> [Extracted data]:
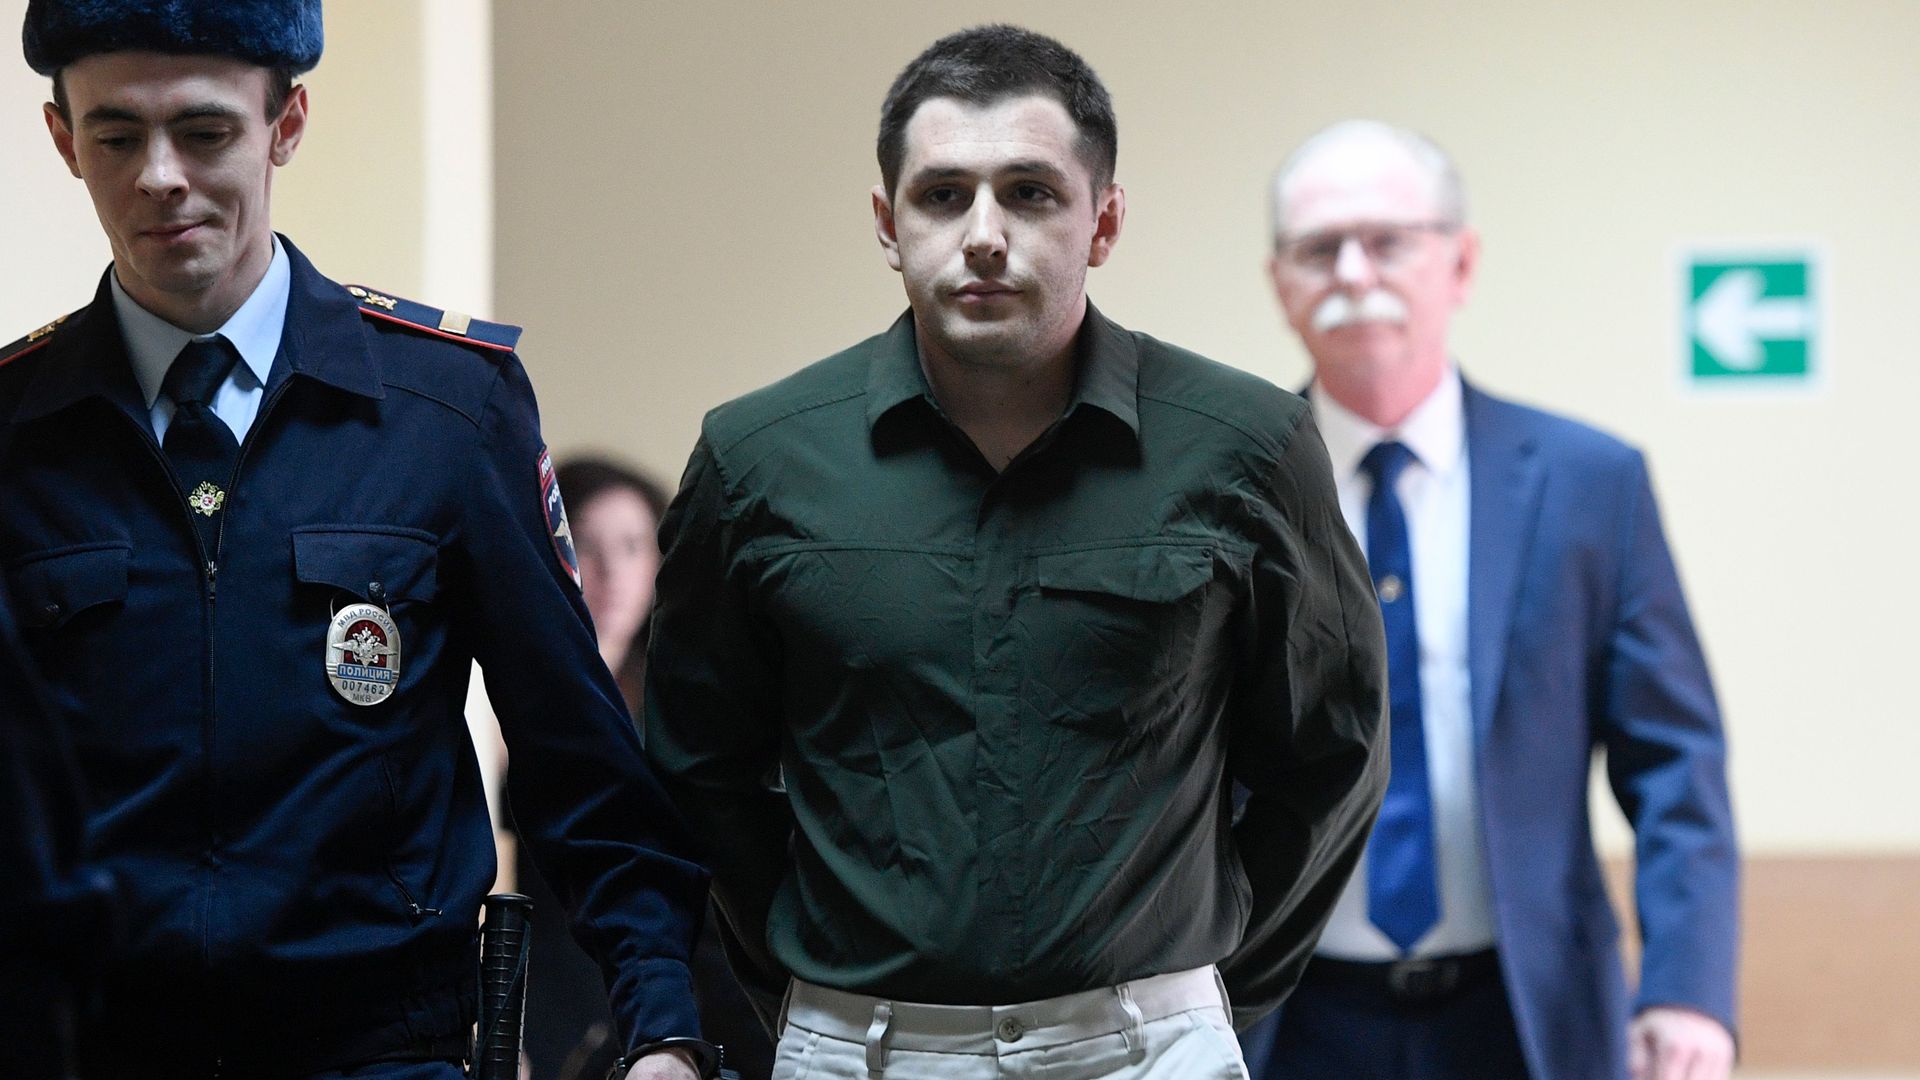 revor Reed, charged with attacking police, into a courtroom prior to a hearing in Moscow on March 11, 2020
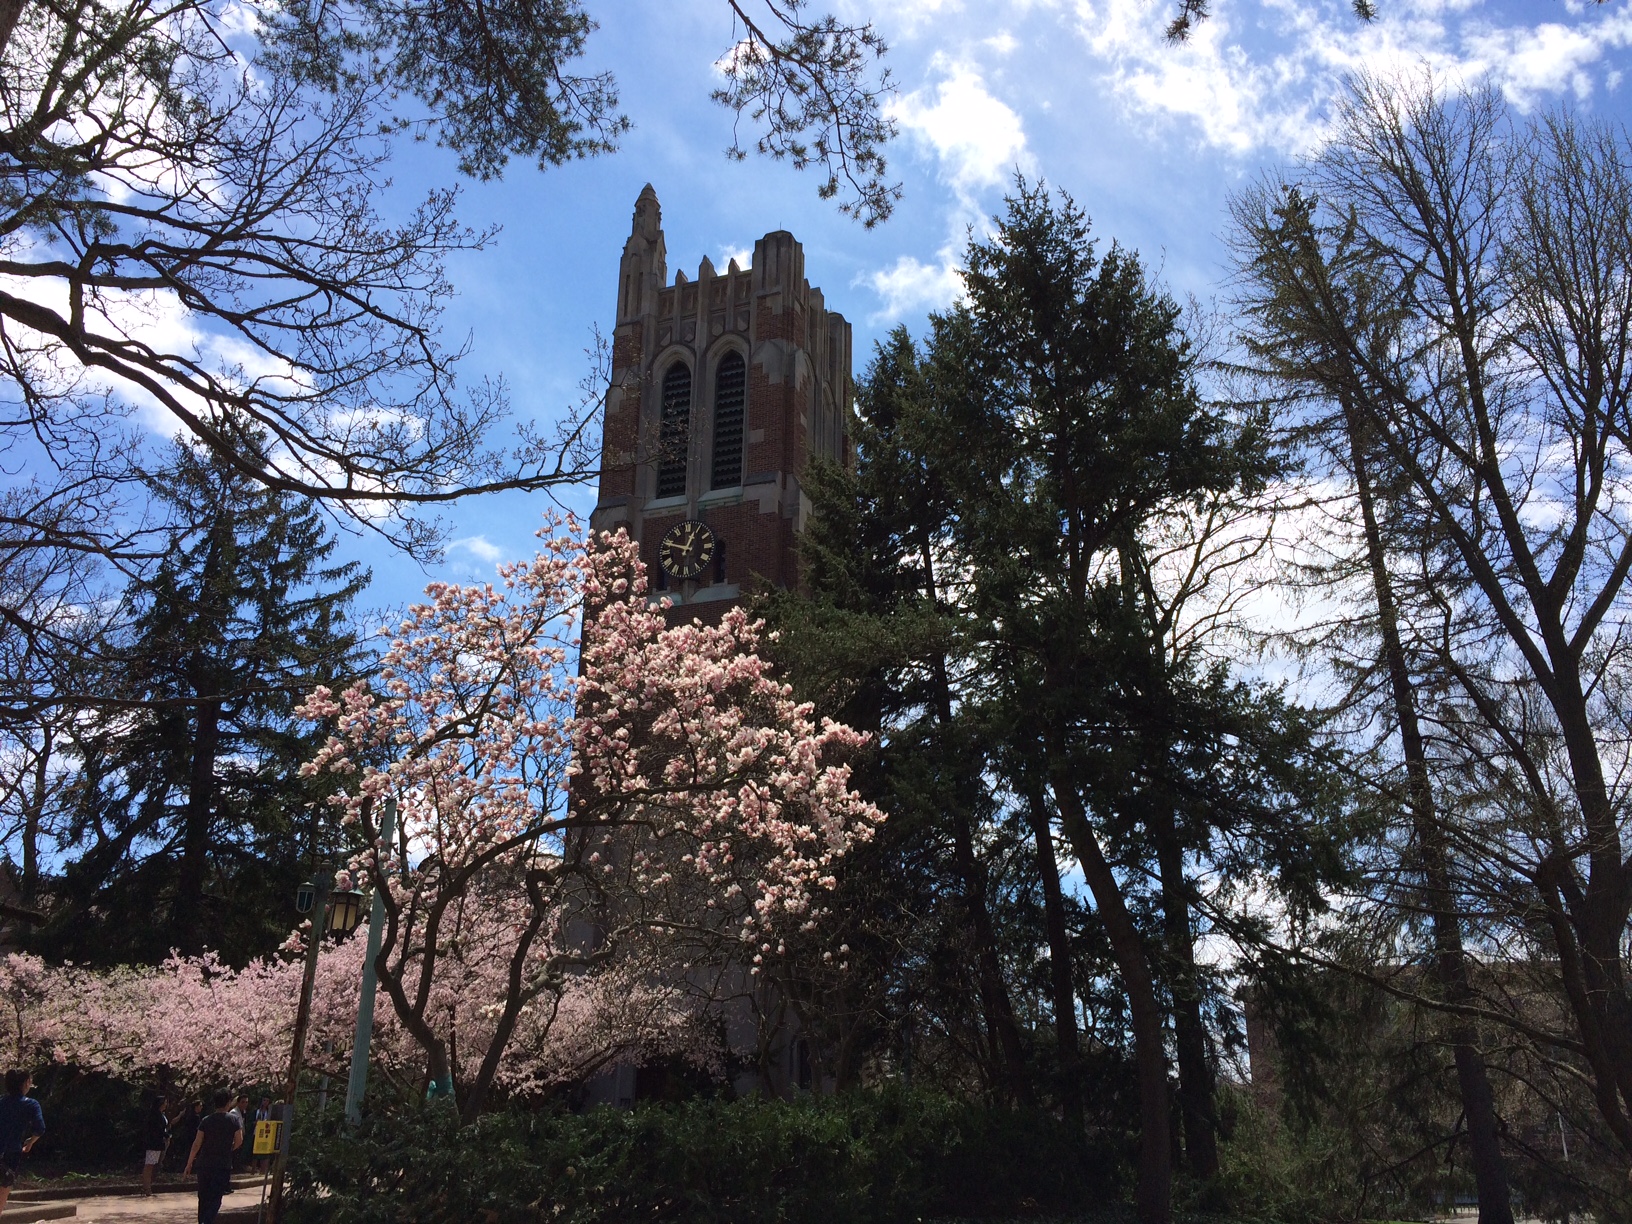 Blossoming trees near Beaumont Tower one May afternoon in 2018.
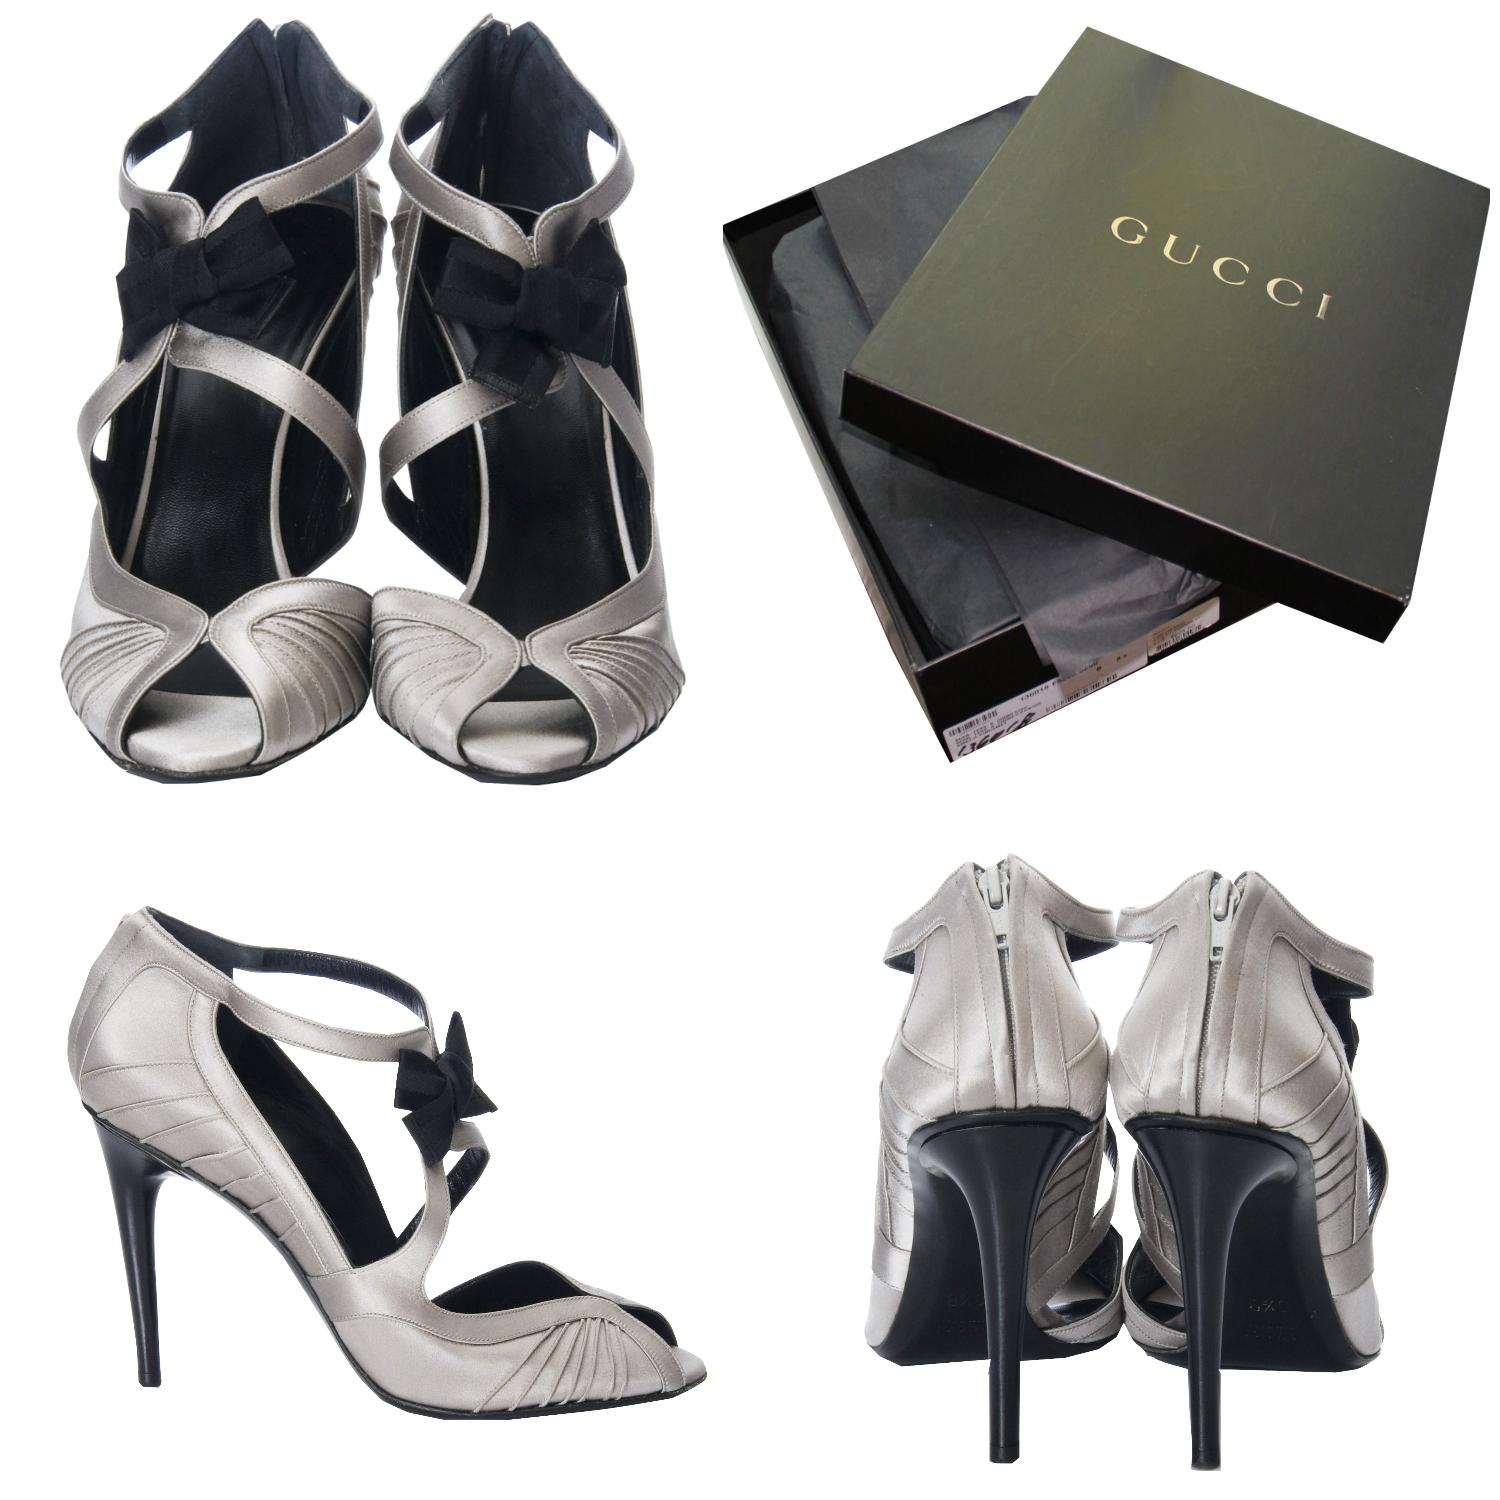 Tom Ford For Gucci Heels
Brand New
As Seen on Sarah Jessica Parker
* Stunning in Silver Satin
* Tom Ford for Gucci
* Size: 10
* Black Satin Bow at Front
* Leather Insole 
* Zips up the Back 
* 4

> [Task objective]: Exactly repeat the data above; the pictures do not belong in your copy.

> [Your solution]:
 revor Reed, charged with attacking police, into a courtroom prior to a hearing in Moscow on March 11, 2020
 Blossoming trees near Beaumont Tower one May afternoon in 2018.
 Tom Ford For Gucci Heels
Brand New
As Seen on Sarah Jessica Parker
* Stunning in Silver Satin
* Tom Ford for Gucci
* Size: 10
* Black Satin Bow at Front
* Leather Insole 
* Zips up the Back 
* 4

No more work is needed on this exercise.